9 私と茂兄と先生それぞれの関係
さっきの続きです
「そえばーさ、何で私、精油の作り方知ってたの?」なんて軽く聞いてみる。
「え、桃覚えてねぇの?」
と茂兄はちらりと先生を見る。
先生は「…みたいなんだよねー」と困った様に笑う。
「そうそう、先生と私って会ったことないですよね?私のこと茂兄から聞いてたとか?」
「まぁ、桃ちゃんもあの時小さかったからねー…3回。会ったことあるよ」
え?
「そういえば、あの時も精油作ってたんじゃね?」
「えーーー、茂も忘れてたの?
あの時を再現しようと思って精油を作ってたのに!」
なんだよーと先生はいじける。
「ちょ、ちょっと待って!
茂兄と先生は大学の先輩後輩関係なんでしょ⁈なら、どうして私と会ってるの?」
「えー、だって僕が茂を同じ大学に誘ったんだよ?ね。」
茂兄はこくりと頷く。
「元々は、サッカー部の先輩だったんだよ。ほら、桃も俺の応援に来てくれてただろ?」
……サッカー部。
もちろん覚えてる。私はよく茂兄のサッカーの試合にはお弁当を持っていって張り切っていた。
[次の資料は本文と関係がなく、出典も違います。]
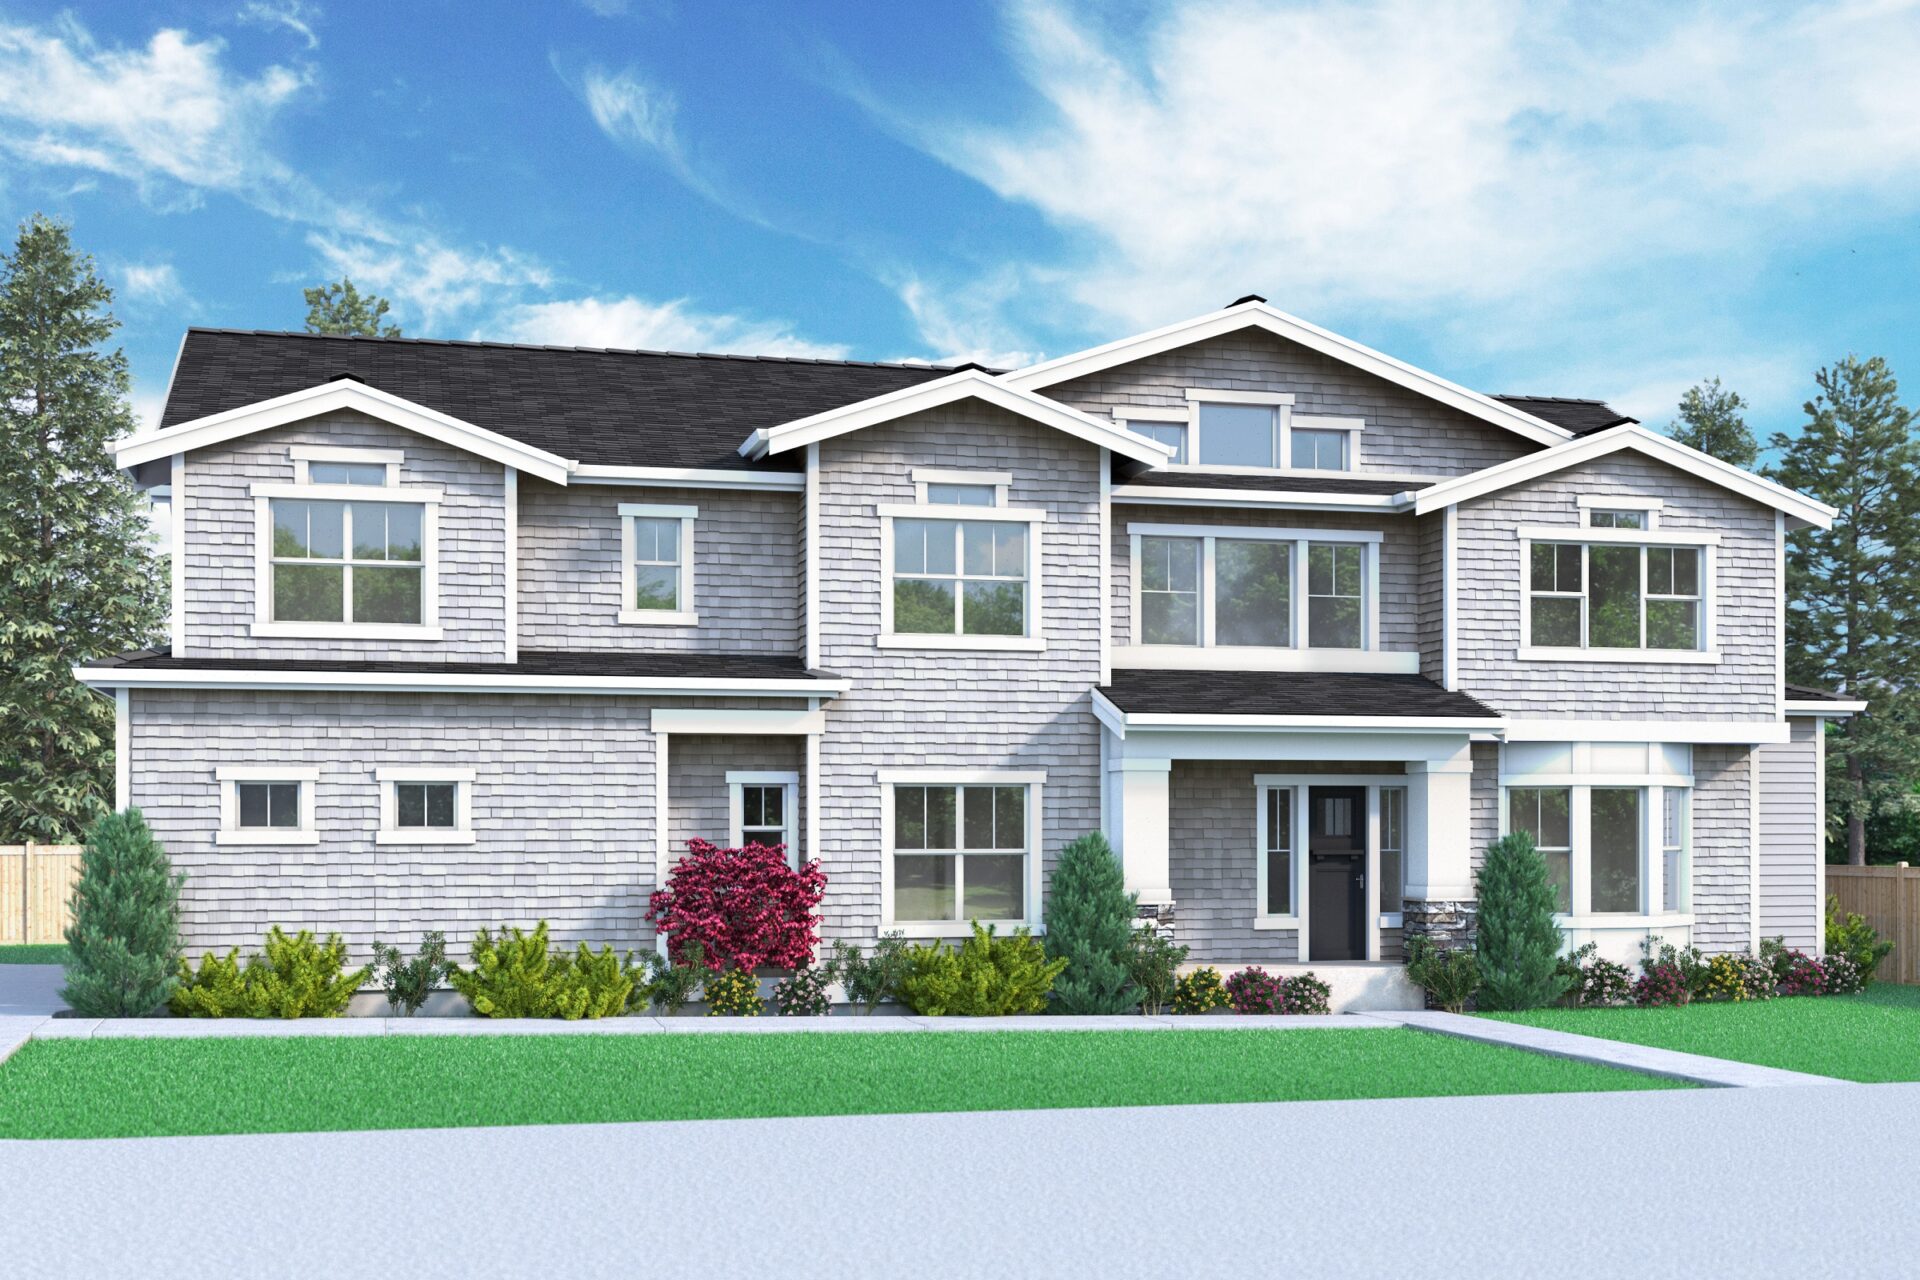 View our new luxury home construction on 3863 142nd Pl SE, in Bellevue, WA from MN Custom Homes

まさか、そこにいるとは思わなかった……攻略対象キャラが。
どうやら、話は無事に進行してしまっているようだ。でもまぁ、見てる限り今回も恋愛に発展することはないだろう。
「雨天でサッカーの試合な中止になっちゃったことがあったんだよね、その時にじゃあ精油でも作ろうかーってなったんだよ。」
じゃあ、で精油作りってどうゆうことだよ…その間に何があった?
「まぁ、そこはおいておいて。
そろそろ帰ろうか。もう日が暮れてきてる。ついでに茂も送るよ?」
「それじゃ、お言葉に甘えて。
桃、帰る準備があるだろ?ここで待ってるから行ってこい。」
「うん。すぐに戻るね!」
……しまった流された⁈
茂兄を使うなんて卑怯な!
先生は、先に車へ向かったようなので茂兄と一緒に校庭を歩く。
花が沢山咲いている中で2人でお散歩…デートみたい!
花を見ながら「んー、やっぱりなぁー」と茂兄は苦々しく呟く。
「どうしたの?」
「んー、やっぱりこういう風に花を見ても授業でよく使ってるから…なんか落ち着かない……」
……それは何かしょぼん。こんなに綺麗に咲いてるのに…
「あ、いや花も授業も嫌いなわけでもないし……えーと、植物にも食べれるやつあるだろ?あれは、うん好きだぞ」
……私、茂兄の正直なところも好きだよ……でもデート気分は私だけか……はぁ。